La Stampa 10.10.16
Manovra, i conti sulle privatizzazioni non tornano: rischio buco di 2-3 miliardi
di Paolo Baroni
Adesso
tutte le attenzioni sono concentrate su due numeri, il livello di
deficit che verrà fissato per il 2017 e di riflesso la crescita del Pil,
che il governo ha indicato all’1% tra mille polemiche e obiezioni.
Nessuno parla invece del debito, il nostro vero punto debole,
soprattutto se si intende continuare a trattare con Bruxelles ulteriori
margini di flessibilità sul disavanzo. E non a caso il Tesoro con
l’ultima nota di variazione del Def, mentre sul deficit punta strappare
un livello praticamente uguale a quello di quest’anno, sul debito ha
confermato il percorso di discesa anche se un poco addolcito. Si passa
infatti dal 132,8% di quest’anno (in aumento dal 132,3% del 2015) al
132,5% del 2017 per arrivare poi nel 2019 sotto quota 130. Basterà a
convincere Bruxelles a concederci un aumento del deficit? La partita è
in corso ed una risposta l’avremo solo nelle prossime settimane.
Quello
che è certo è che dalle privatizzazioni molto difficilmente arriverà
l’aiuto che ci si aspetta. Già l’anno scorso il governo ha
clamorosamente sbagliato previsioni. Aveva messo in conto di incassare
lo 0,5% del Pil, all’incirca 8 miliardi, ed invece si è fermato allo
0,1% tra i soldi incassati con l’Enav (834 milioni) ed i proventi delle
vendita di alcuni immobili.
Nonostante ciò, o forse proprio per
questo, per il 2017 il Tesoro ha tenuto fermo l’obiettivo di mezzo punto
di Pil di incassi. Un target che il fondatore di «Privatisation
Barometer», Bernardo Bortolotti, ha definito «fuori portata» in una
dichiarazione all’agenzia Reuters. «Avrei preferito che postassero cifre
più conservative. Fra l’altro con tassi di interesse sul debito
inferiori al rapporto prezzo delle azioni/dividendi delle società in
vendita non è detto che convenga privatizzare, perché il venditore
rischia effetti negativi sul patrimonio netto».
Quota 8 miliardi,
insomma, rappresenta quasi un miraggio. Anche nel 2017. I conti sono
presto fatti: il 29,7% ancora detenuto nel capitale delle Poste vale 2,5
miliardi, mentre il 13,75% di Stm (microprocessori) potrebbe passare
alla solita Cdp per 900 milioni. Infine ci sono le Ferrovie. In questo
caso dopo un tira e molla durato quasi due anni, e costato la poltrona
ai vecchi vertici, le Fs hanno deciso di portare in Borsa solamente la
Divisione lunga percorrenza (Frecce e Intercity).
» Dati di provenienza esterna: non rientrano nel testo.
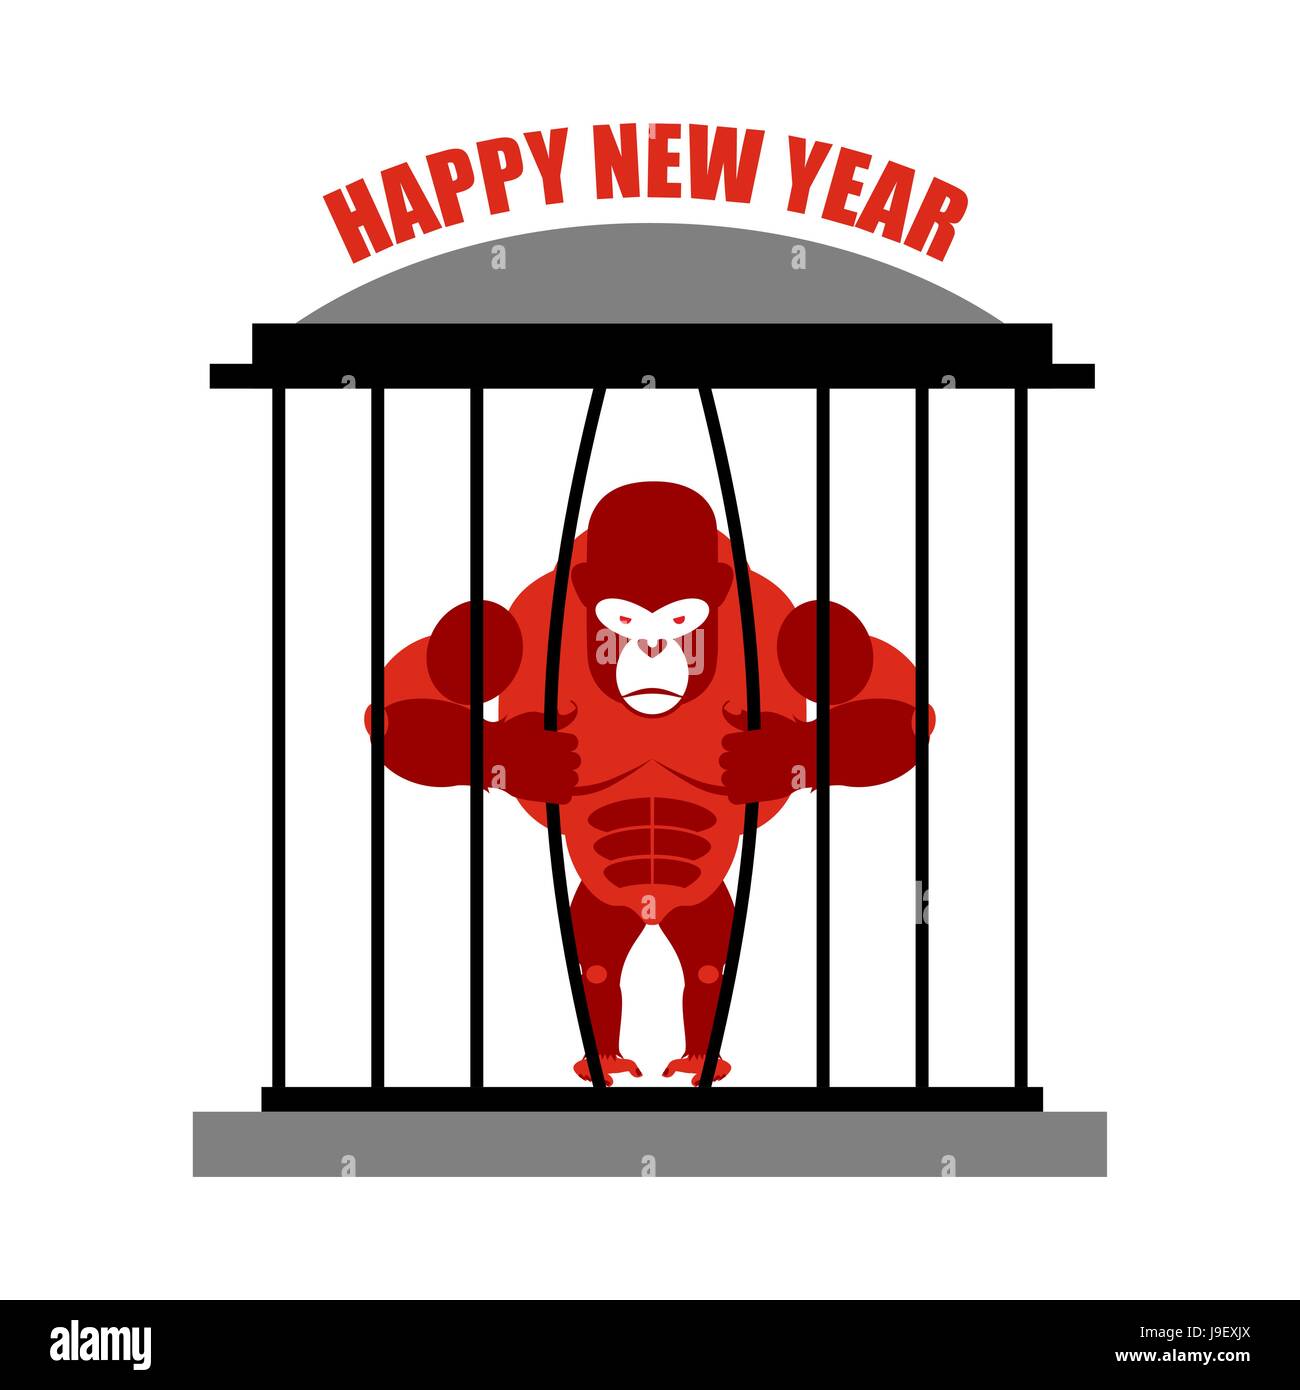 Gorilla wants to escape from cage. Symbol of new year red monkey. Escape wild beast. Stock Vector

Altra cosa rispetto
alla quotazione dell’intera holding di cui s’era parlato all’inizio.
Tant’è che dei 3-4 miliardi ipotizzati a suo tempo ci si dovrà
accontentare di incassare molto meno. «Al massimo si arriverà ad un
miliardo» spiega una fonte vicina al dossier. Risorse che tra l’altro
resterebbero all’interno delle Fs come è già accaduto per Grandi
stazioni, a meno che il Tesoro non pretenda un dividendo straordinario. I
vertici Fs hanno spiegato che su questo progetto «c’è il pieno consenso
dell’azionista». Il ministro dell’Economia Pier Carlo Padoan a sua
volta ha confermato l’ok, anche perché una serie di vincoli (e di veti)
non consentivano di fare altrimenti. In cuor suo però non deve essere
stato molto contento. Perché in questo modo nel 2017 mancheranno altri
2-3 miliardi di incassi. Con buona pace del taglio del debito.